→ REQUIREMENT
What is needed is an exact repeat of the lines from the one holding "Benefits of Growing Moringa Trees" through the final line of the data, with no pictures.

→ DATA BELOW
·····

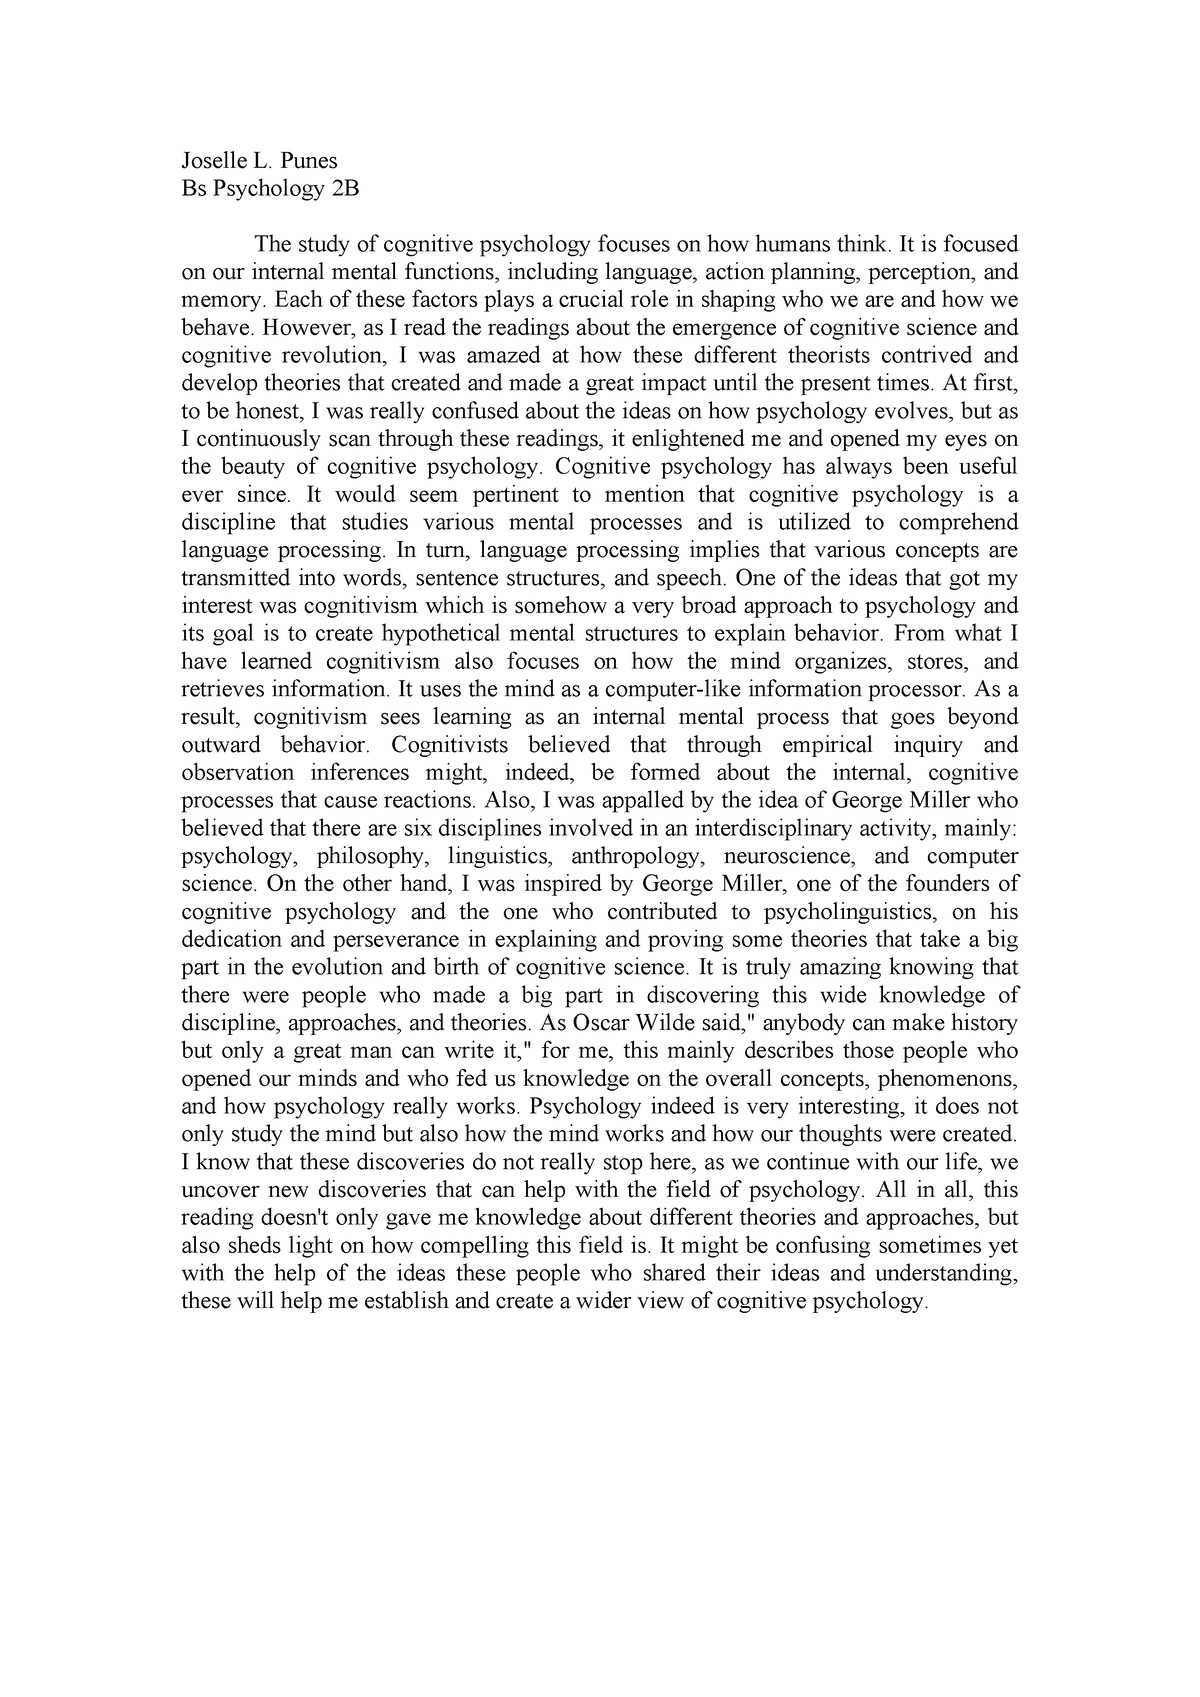 Punes, Joselle- Summary Paper - Joselle L. Punes Bs Psychology 2B The ...
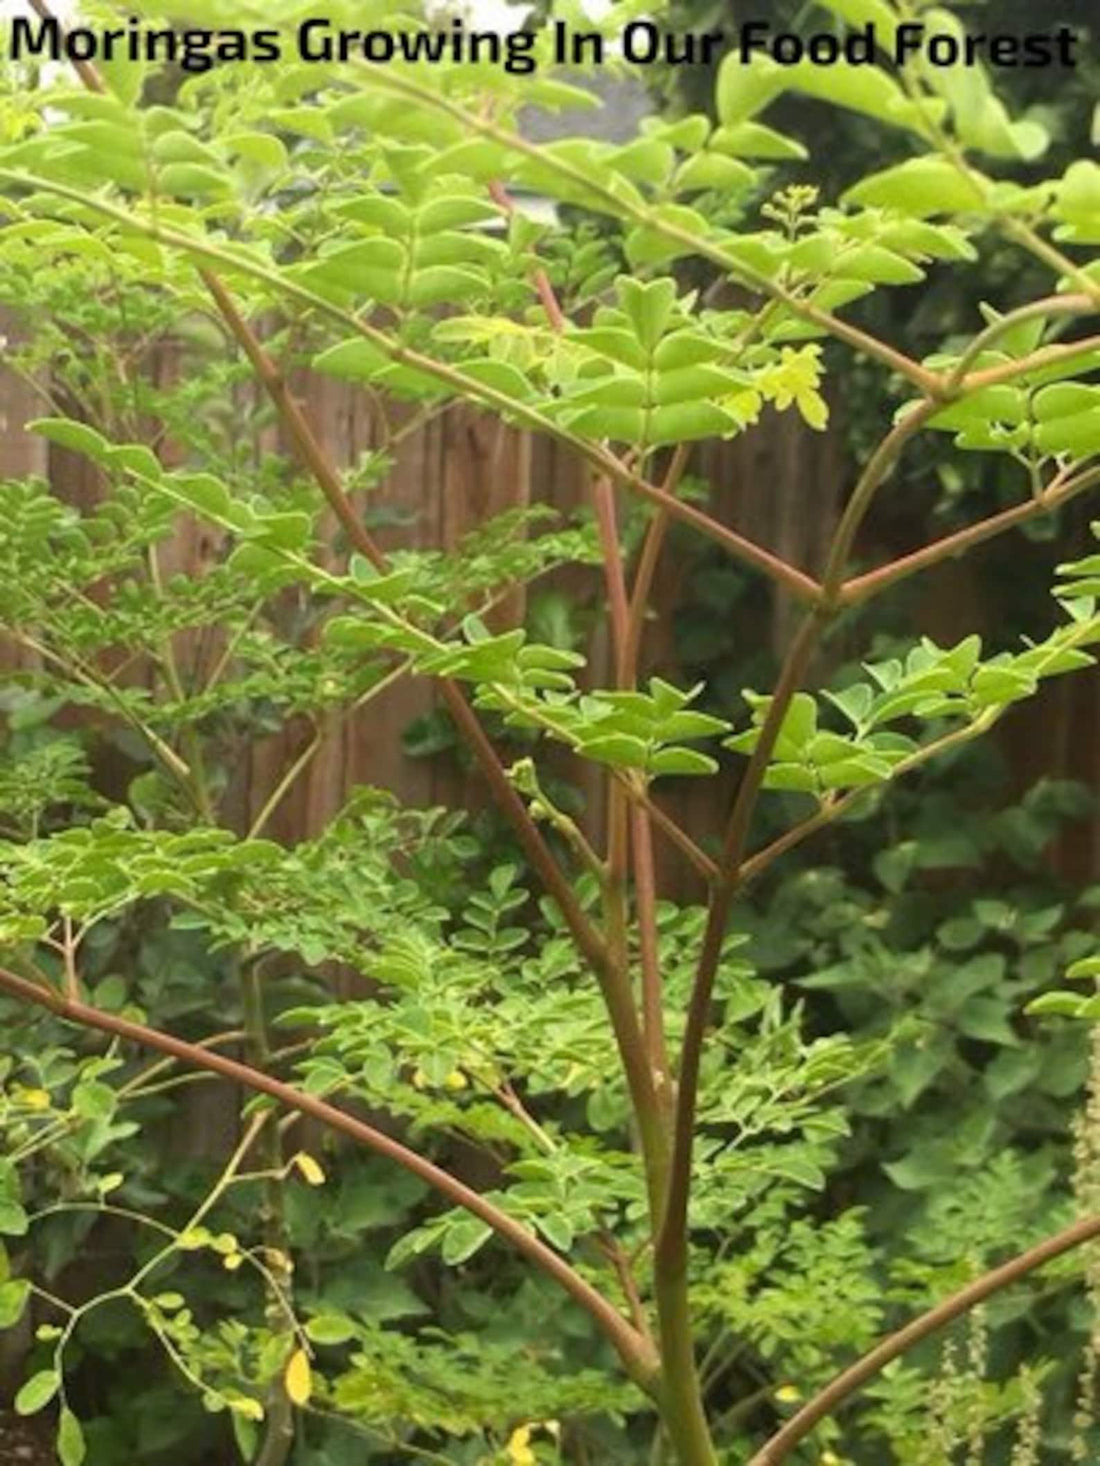 Benefits of Growing Moringa Trees
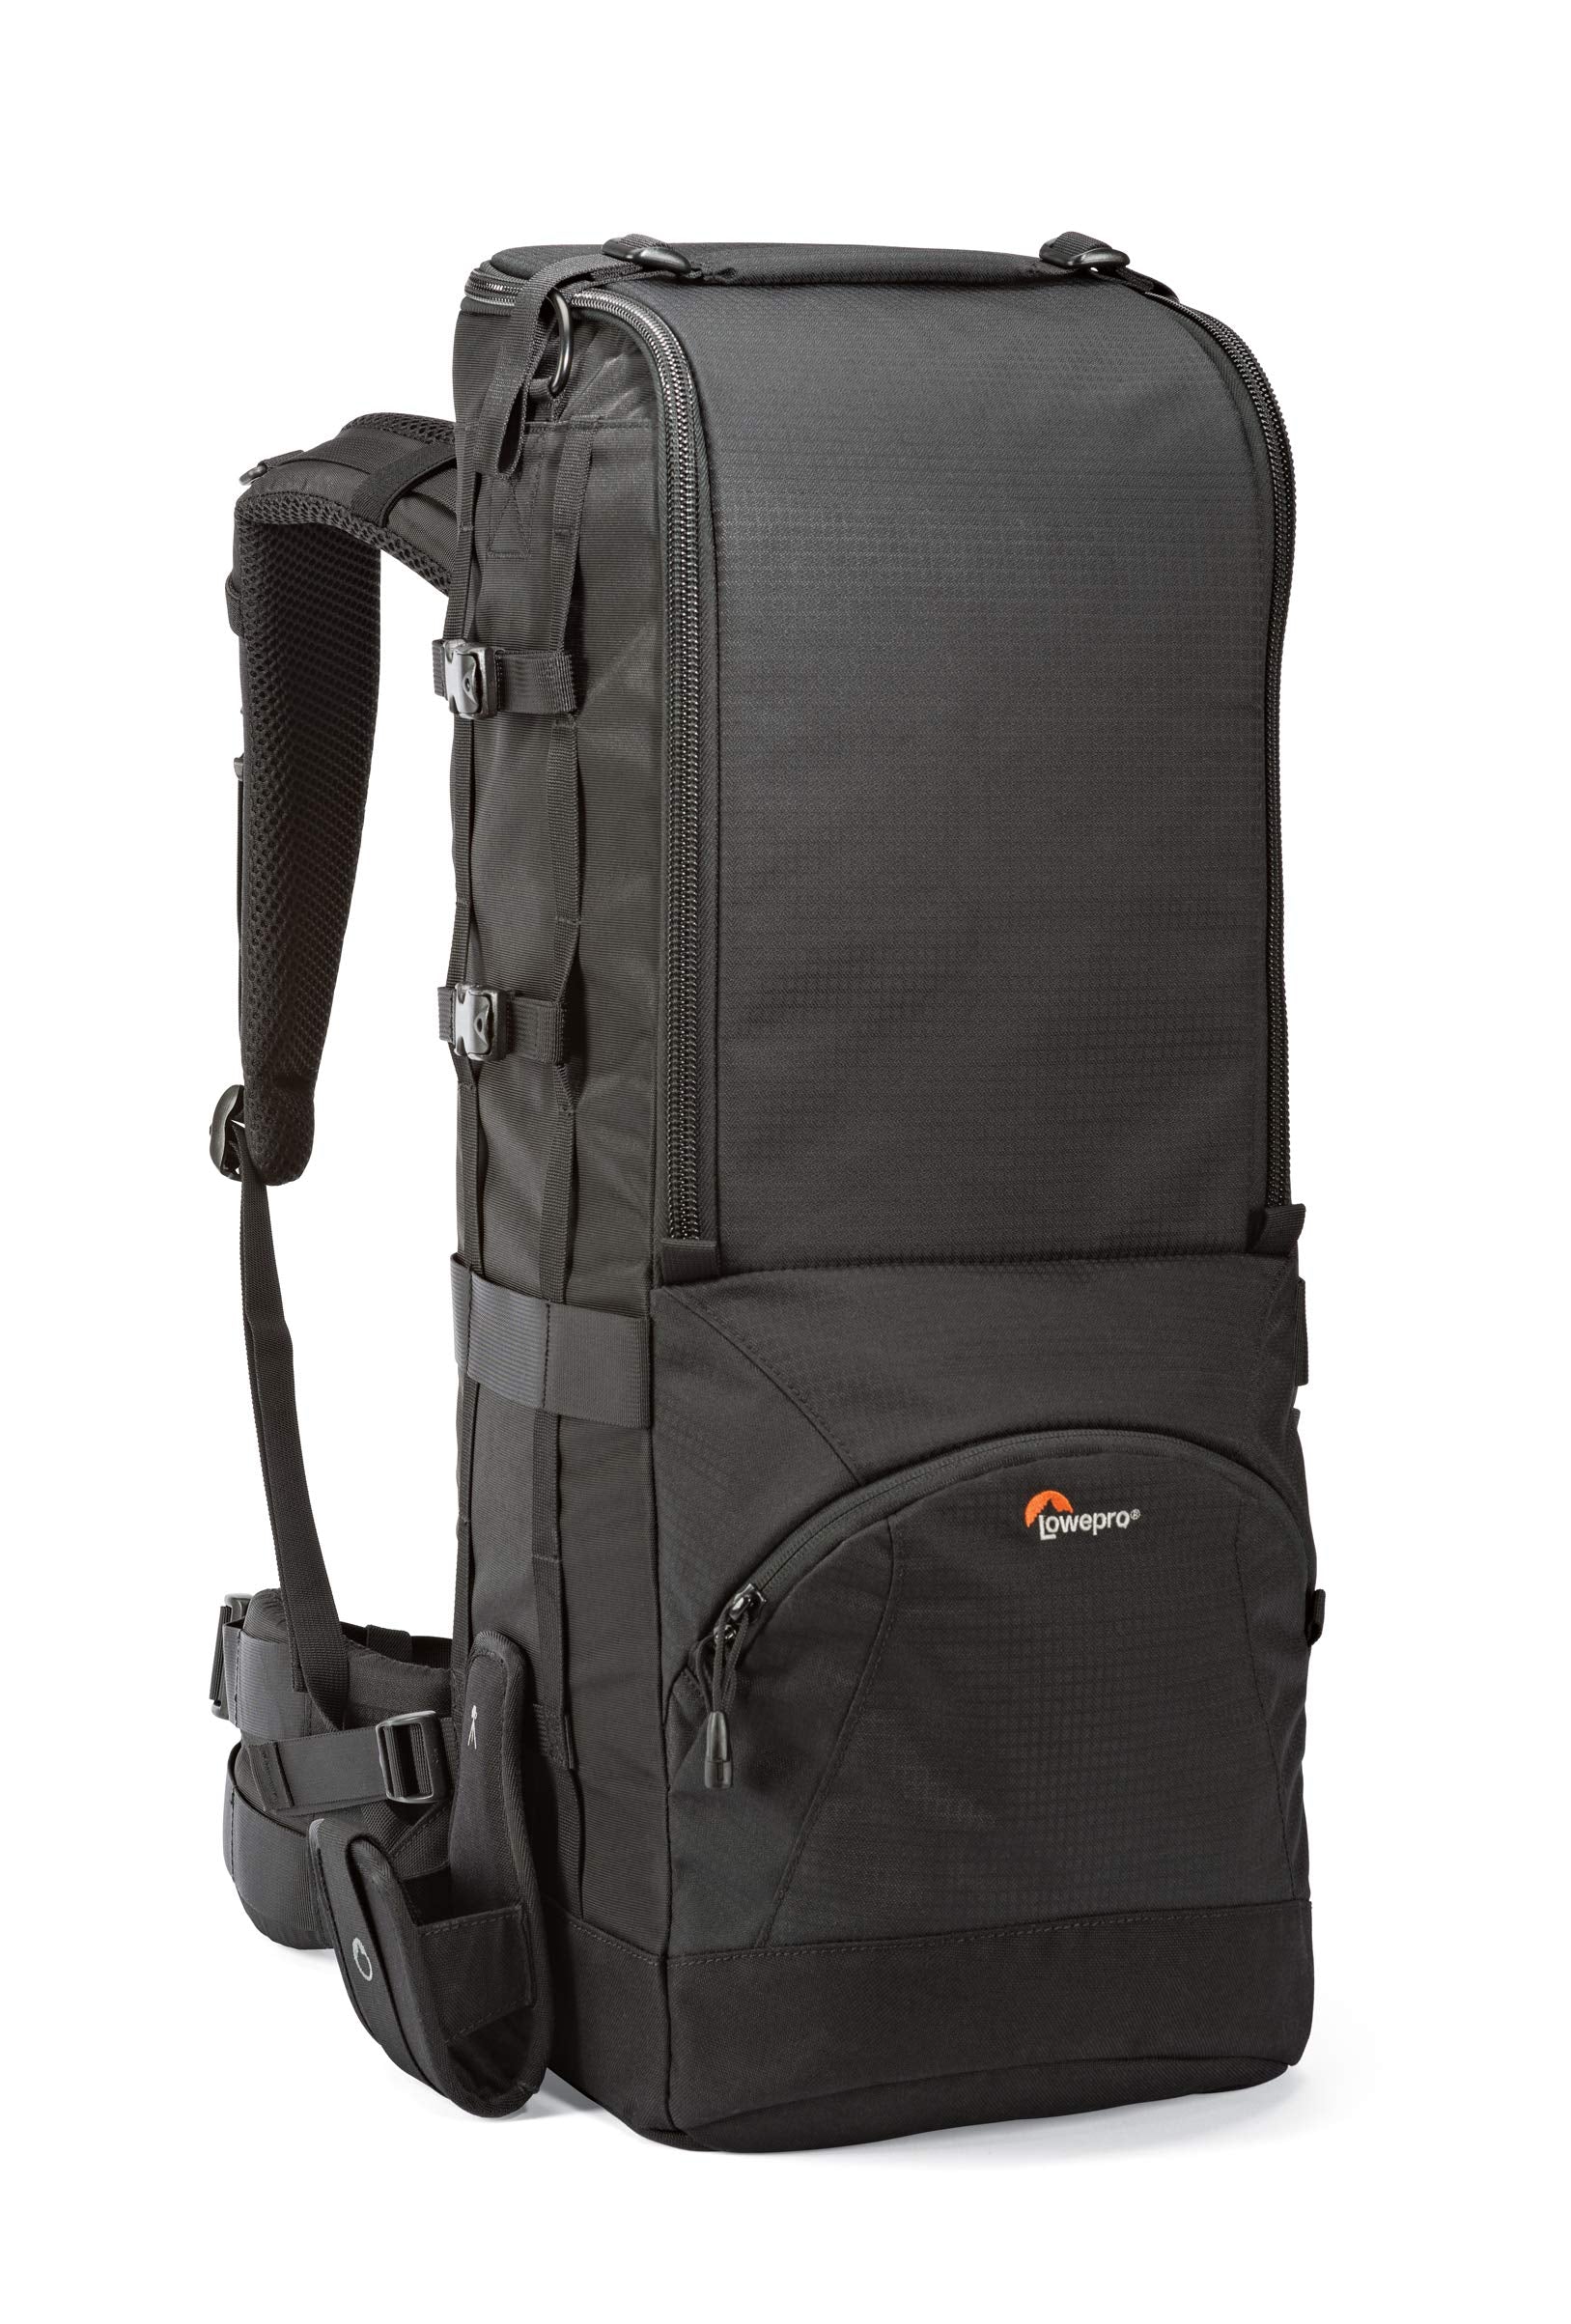 Lens Trekker 600 AW III Telephoto Lens Backpack from Lowepro ? Large Capacity Backpacking Bag for Long Lenses and Camera

·····

→ YOUR SOLUTION
 Benefits of Growing Moringa Trees
 Lens Trekker 600 AW III Telephoto Lens Backpack from Lowepro ? Large Capacity Backpacking Bag for Long Lenses and Camera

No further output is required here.